7. “D'altra parte, l'uomo non può neanche vivere esclusivamente nell'amore oblativo, discendente.
Non può sempre soltanto donare, deve anche ricevere. Chi vuol donare amore, deve egli stesso
riceverlo in dono. Certo, l'uomo può - come ci dice il Signore - diventare sorgente dalla quale
sgorgano fiumi di acqua viva (cfr Gv 7, 37-38). Ma per divenire una tale sorgente, egli stesso deve
bere, sempre di nuovo, a quella prima, originaria sorgente che è Gesù Cristo, dal cui cuore trafitto
scaturisce l'amore di Dio (cfr Gv 19, 34)”. …

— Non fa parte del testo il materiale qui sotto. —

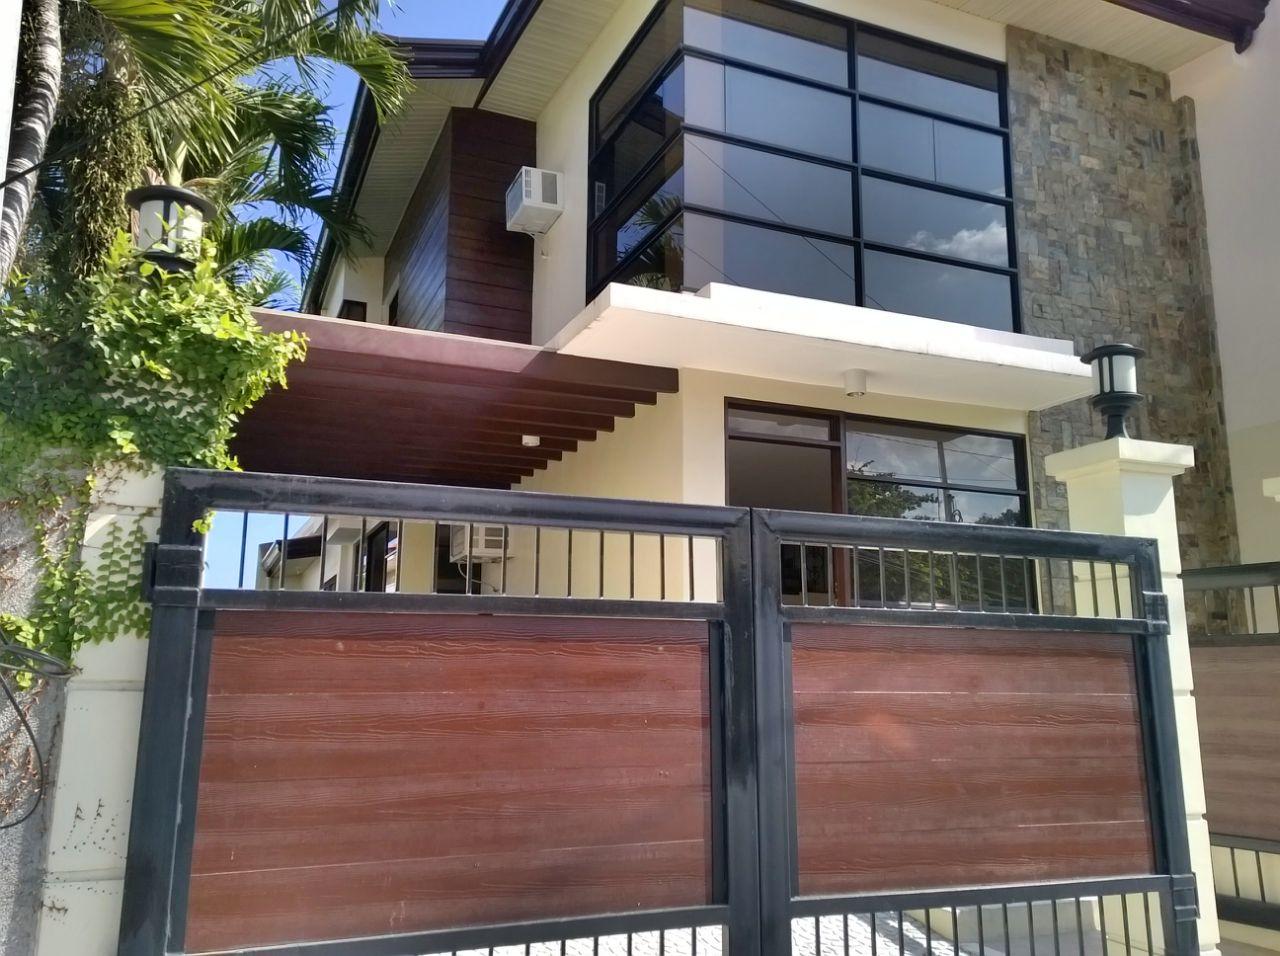 4 Bedroom House for Rent in Banilad Cebu City

19. «Se vedi la carità, vedi la Trinità» scriveva sant'Agostino. Nelle riflessioni che precedono,
abbiamo potuto fissare il nostro sguardo sul Trafitto (cfr Gv 19, 37; Zc 12, 10), riconoscendo il
disegno del Padre che, mosso dall'amore (cfr Gv 3, 16), ha inviato il Figlio unigenito nel mondo per
redimere l'uomo. Morendo sulla croce, Gesù - come riferisce l'evangelista - «emise lo spirito» (cfr
Gv 19, 30), preludio di quel dono dello Spirito Santo che Egli avrebbe realizzato dopo la
risurrezione (cfr Gv 20, 22). Si sarebbe attuata così la promessa dei «fiumi di acqua viva» che,
grazie all'effusione dello Spirito, sarebbero sgorgati dal cuore dei credenti (cfr Gv 7, 38-39). Lo
Spirito, infatti, è quella potenza interiore che armonizza il loro cuore col Cuore di Cristo e li muove
ad amare i fratelli come li ha amati Lui, quando si è curvato a lavare i piedi dei discepoli (cfr Gv 13,
1-13) e soprattutto quando ha donato la sua vita per tutti (cfr Gv 13, 1; 15, 13).
Lo Spirito è anche forza che trasforma il cuore della Comunità ecclesiale, affinché sia nel mondo
testimone dell'amore del Padre, che vuole fare dell'umanità, nel suo Figlio, un'unica famiglia.